Сэр Уолтер Спринг прочел следующее:

"В первых числах июля генерал Ла Мадрид вступил на территорию Кордовы.

Письмо, помеченное 9 июля в Кордове, излагает таким образом сущность операций армий унитариев:

Ла Мадрид стоит во главе трех тысяч человек с десятью орудиями.

Полковник Ача и его девятьсот солдат разбили лагерь в Лима Бланка, по соседству с Катамаркой.

Полковник Касанова поднял милицию Рио-Секо и Эль-Чаньяр.

Полковник Cocaс кирасирами сделал в Санта-Каталине то же самое."

- Вот, что пишут мне о провинциях.

- Гм… Это важно, но они далеко! - отвечал Росас, который в действительности мало был обеспокоен восстанием в провинциях, так как более серьезная опасность угрожала ему у стен Буэнос-Айреса.

- О, они очень далеко! - подтвердил консул.

- Больше ничего нет?

- Ничего, кроме прокламации Брисуэлы.

- Ага, посмотрим, прочтите ее.

Сэр Уолтер Спринг прочел эту длинную прокламацию, в которой Росас был охарактеризован самым ужасным образом и где все его преступления были раскрыты без всякого стеснения.

Диктатор холодно слушал это чтение.

- Ба! - промолвил он, когда консул кончил чтение. - Благословенная водица унитариев!

- Ничто другое! - отвечал послушный министр Великобритании.

- Не знаете ли вы еще чего-нибудь?

- Разногласия между Риверой и аргентинскими эмигрантами, между Лавалем и Риверой, между друзьями временного правительства и Риверой.

- Хорошо, а в Европе?

- В Европе?

- Да, я говорю не по-гречески.

- Я полагаю, высокочтимый сеньор, что восточный вопрос усложняется все более и более и что правительство моей государыни в скором времени разрешит несправедливый вопрос, поднятый французами перед правительством вашего превосходительства.

- Вы говорили мне то же самое год тому назад.

- Да, но в настоящее время я имею серьезные причины.

- Всегда одни и те же.

- Восточный вопрос…

- Не говорите мне больше об этом, сеньор Спринг.

- Хорошо, высокочтимый сеньор.

- Чтобы черт всех побрал - вот мое единственное желание!

- Дела страшно усложняются.

- Хорошо, вы больше ничего не знаете?

- В настоящую минуту, нет, я ожидаю пакетбота.

- Тогда вы меня извините, у меня много дел, - сказал, поднимаясь со своего места, Росас.

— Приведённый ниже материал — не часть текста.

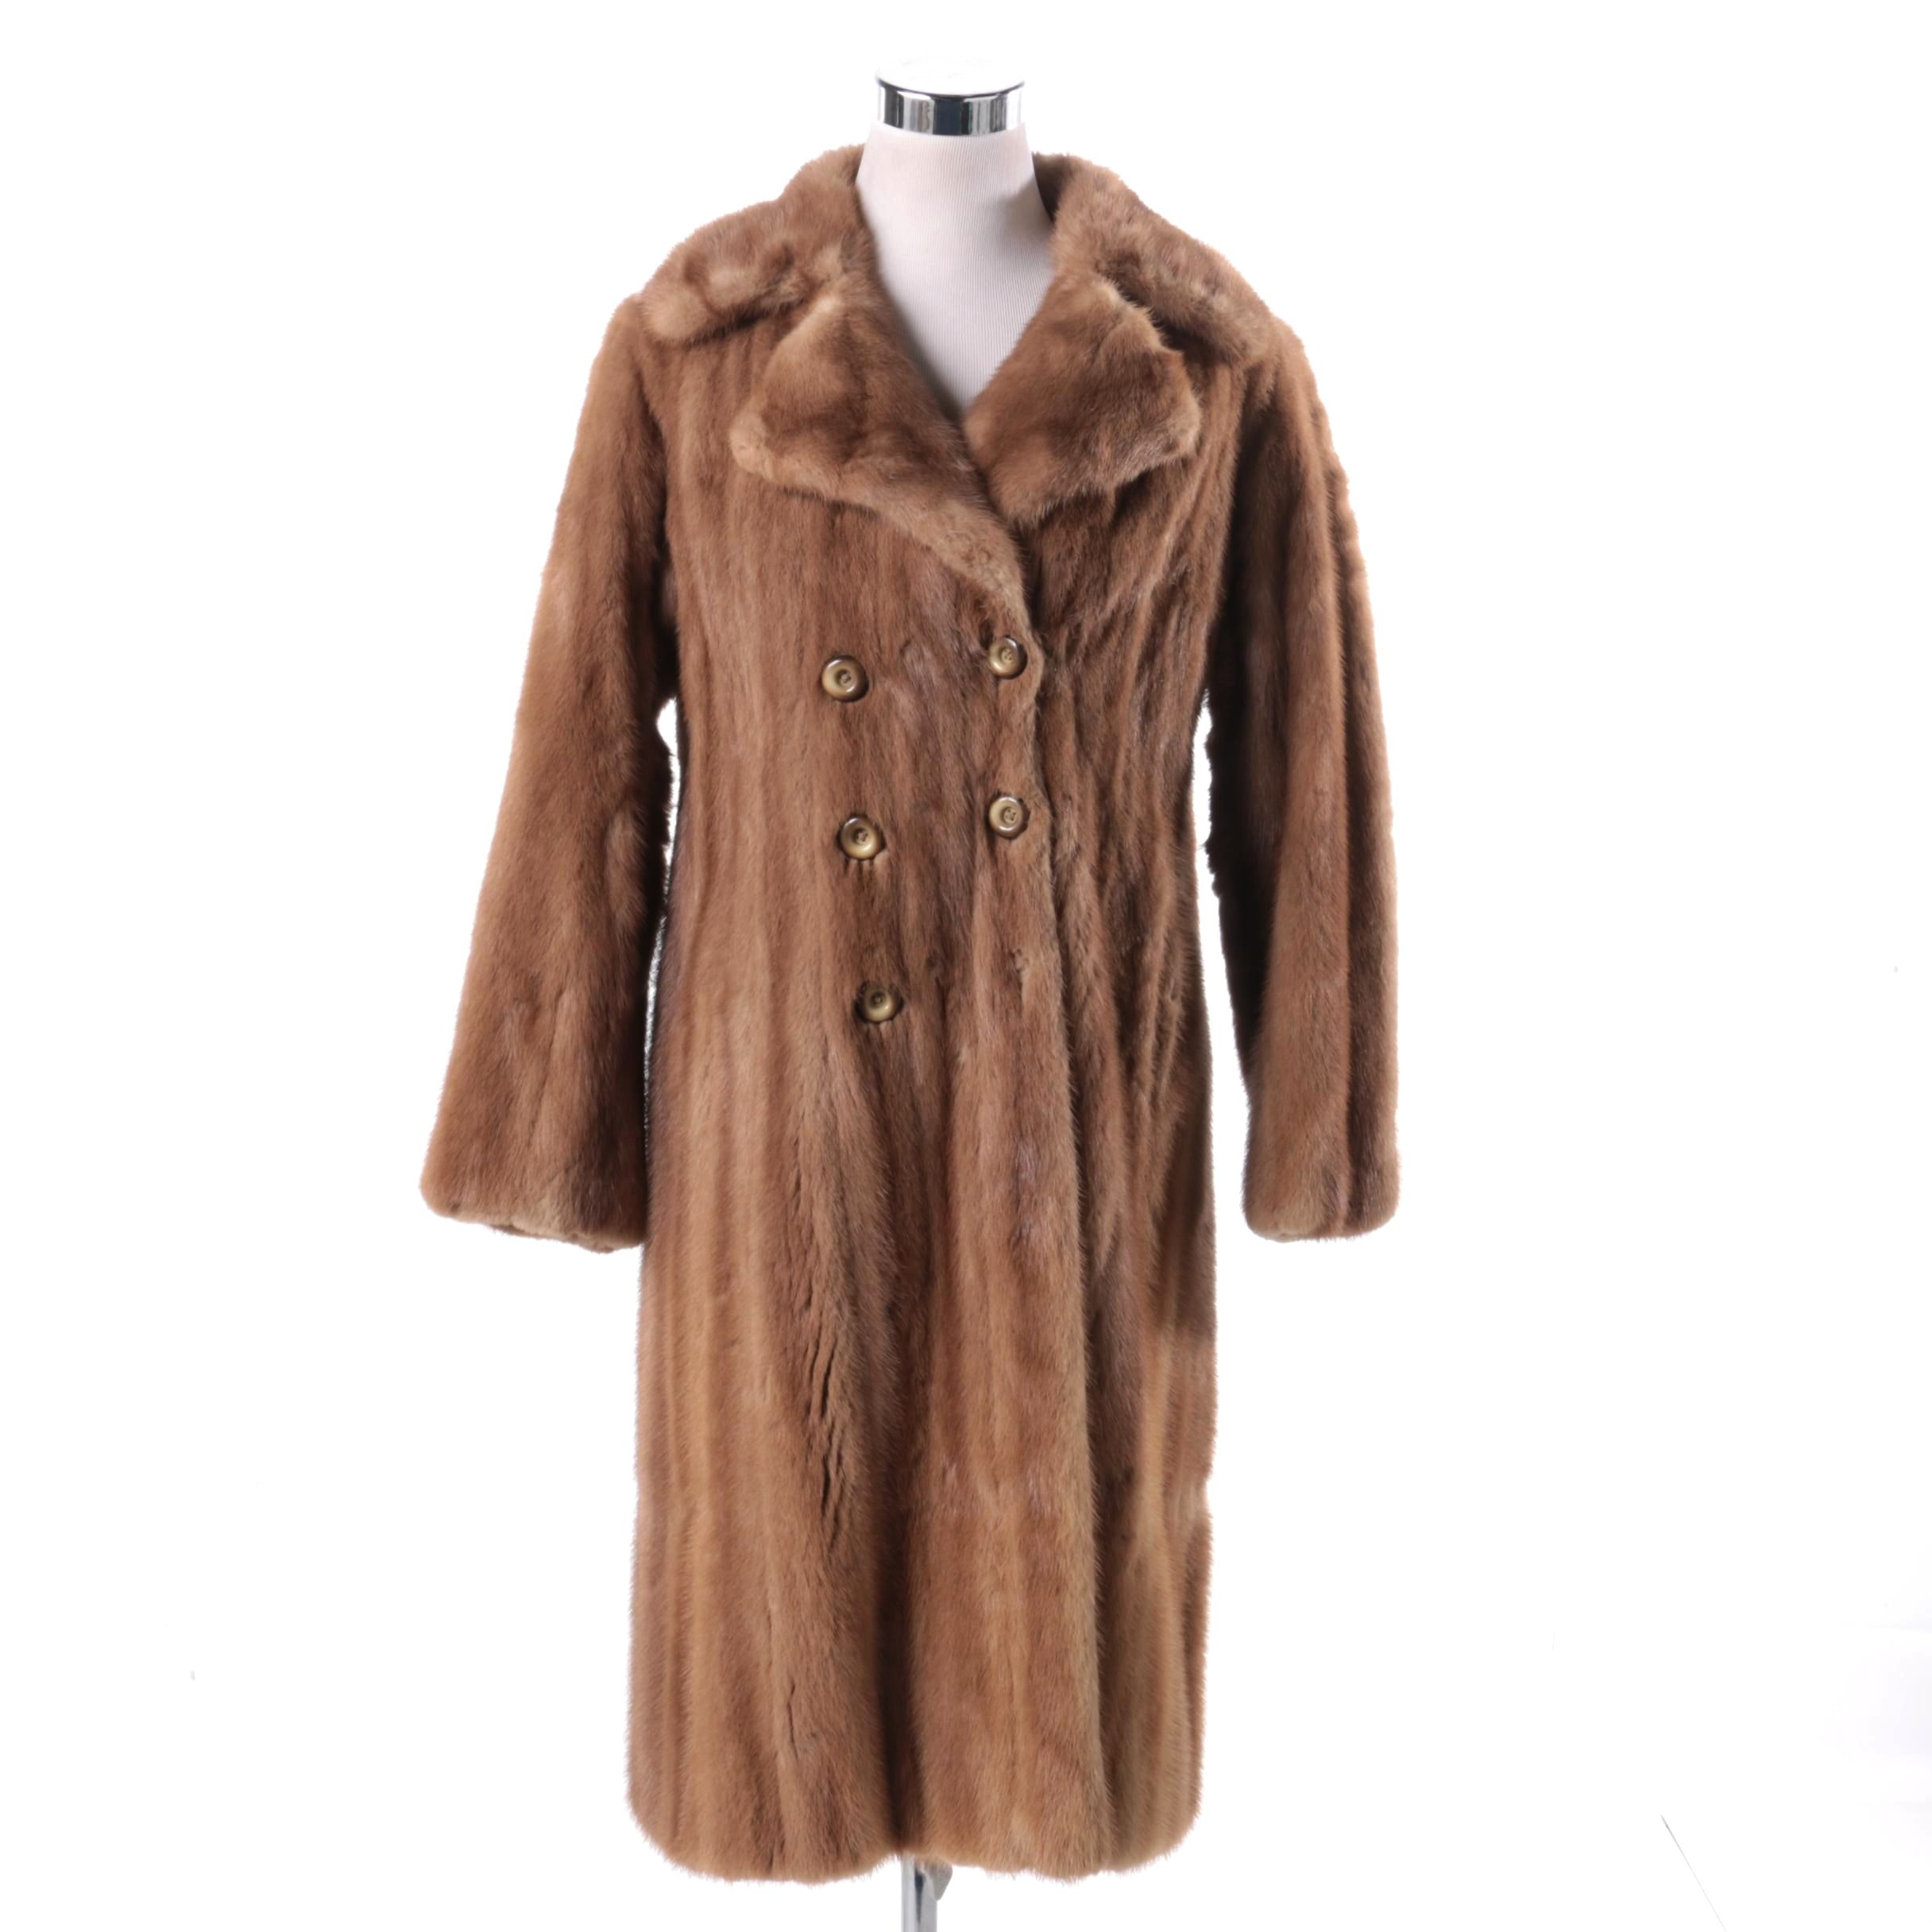 Women's Double Breasted Mink Fur Coat

- Я был бы в отчаянии, если бы служил причиной потери минуты драгоценного времени вашего превосходительства.

- Да, да, сеньор Спринг, у меня много дел, потому что мои друзья не умеют мне помогать ни в чем.

Росас вышел в сопровождении посла, который выглядел более приниженным и покорным, чем последний лакей федерации.

Было ли то следствием рассеянности или учтивости, но Росас провожал посла до дверей своей приемной, которые вели в коридор, где донья Мануэла отдавала приказания мулатке кухарке, всегда занятой измельчением маиса.

Сэр Уолтер Спринг рассыпался в приветствиях и любезностях перед дочерью Ресторадора, как вдруг Росас, следуя внезапному побуждению своего характера, похожего на характер и тигра и лисицы, характера полутрагического и полукомического, сделал глазами и руками какие-то знаки своей дочери, которая с трудом могла понять энергичную пантомиму своего отца.

Поняв наконец желание своего отца, девушка была не только удивлена, но и смущена, не зная, что ей отвечать послу и следует ли ей повиноваться полученному приказу или нет, однако страшный взгляд деспота положил конец ее нерешительности. Эта первая жертва своего отца взяла из рук мулатки пестик, которым та толкла маис, краснея от стыда, дрожащими руками она продолжила работу служанки.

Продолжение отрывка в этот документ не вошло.